El Dilema de la Democracia: Buscando Elecciones Más Económicas Sin Perder Representatividad
Desde el Salón de la Tesorería de Palacio Nacional, la presidenta Claudia Sheinbaum abordó uno de los temas más sensibles de su agenda: la prometida Reforma Electoral. Con un tono conciliador pero firme, la mandataria delineó los principios que guiarán esta reforma, tratando de disipar los temores de opositores y analistas por igual.
“El objetivo central es disminuir el costo de las elecciones y garantizar procesos transparentes, universales y libres”, declaró Sheinbaum, reconociendo que aún no existe una propuesta definitiva y que su equipo está recabando “distintas opiniones” para elaborarla. La presidenta fue enfática en desmentir uno de los rumores que más han circulado: que la reforma busca eliminar la representación de las minorías en el Congreso. “Este proyecto no busca eliminar la presencia de las minorías”, aclaró.
Sin embargo, puso el dedo en la llaga de un malestar popular ampliamente reconocido: el costo y la percepción de los diputados plurinominales. “El diputado plurinominal que se reconoce como aquel que no surge del voto popular de manera directa y la gente no está de acuerdo. Entonces, tenemos que cambiar eso”, explicó, señalando que estas listas representan “una erogación muy grande”.

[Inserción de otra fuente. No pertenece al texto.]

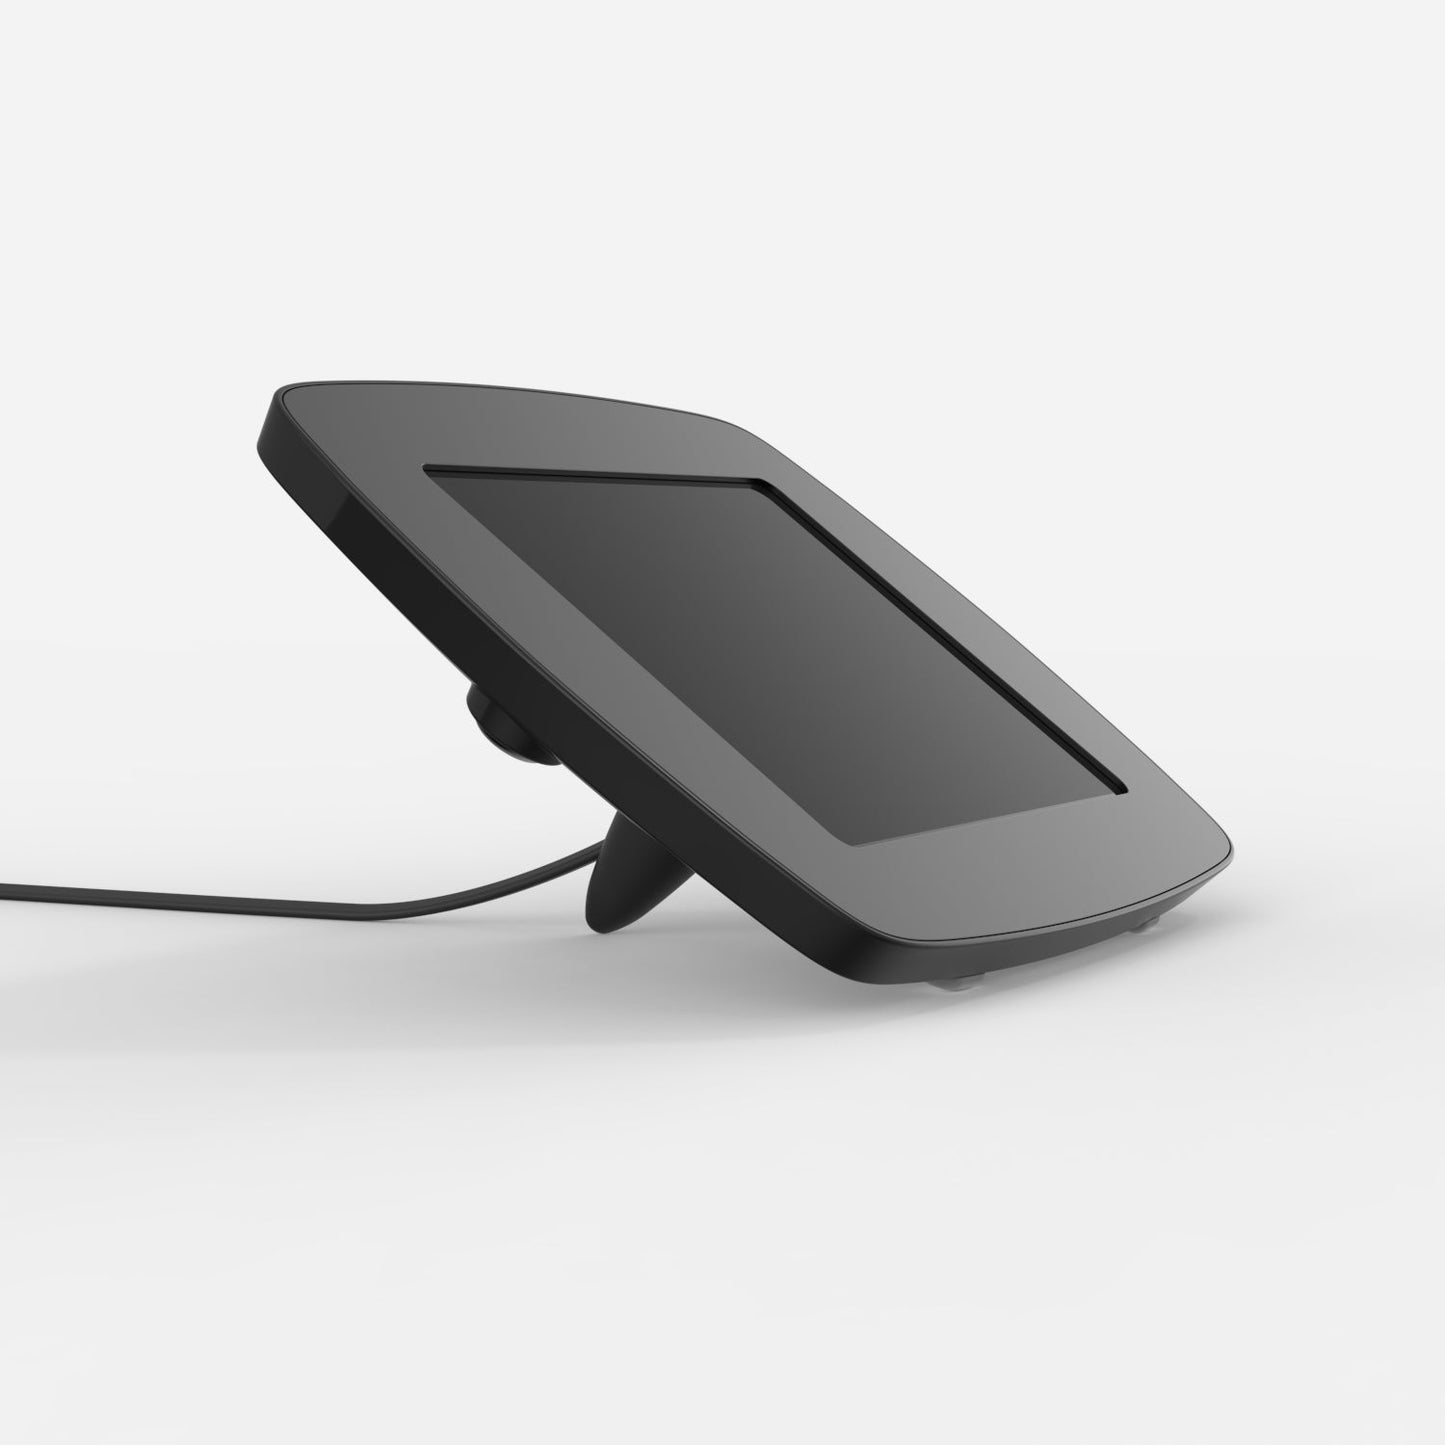 Bouncepad Lounge - A tethered tablet and iPad enclosure in black.

Quizás la aclaración más crucial vino al abordar el futuro del Instituto Nacional Electoral (INE). Ante especulaciones de que el organismo podría ser absorbido por la Secretaría de Gobernación, Sheinbaum fue categórica: “Ya lo dije, la independencia del INE, del padrón electoral, de la lista nominal. Eso no tiene problema”. El corazón del debate, insistió, no es la autonomía del árbitro electoral, sino la eficiencia: “El tema es cómo disminuimos el costo al pueblo de México de las elecciones”. La crónica de esta reforma apenas comienza, pero la presidenta ha marcado su territorio: transparencia sí, gasto excesivo no.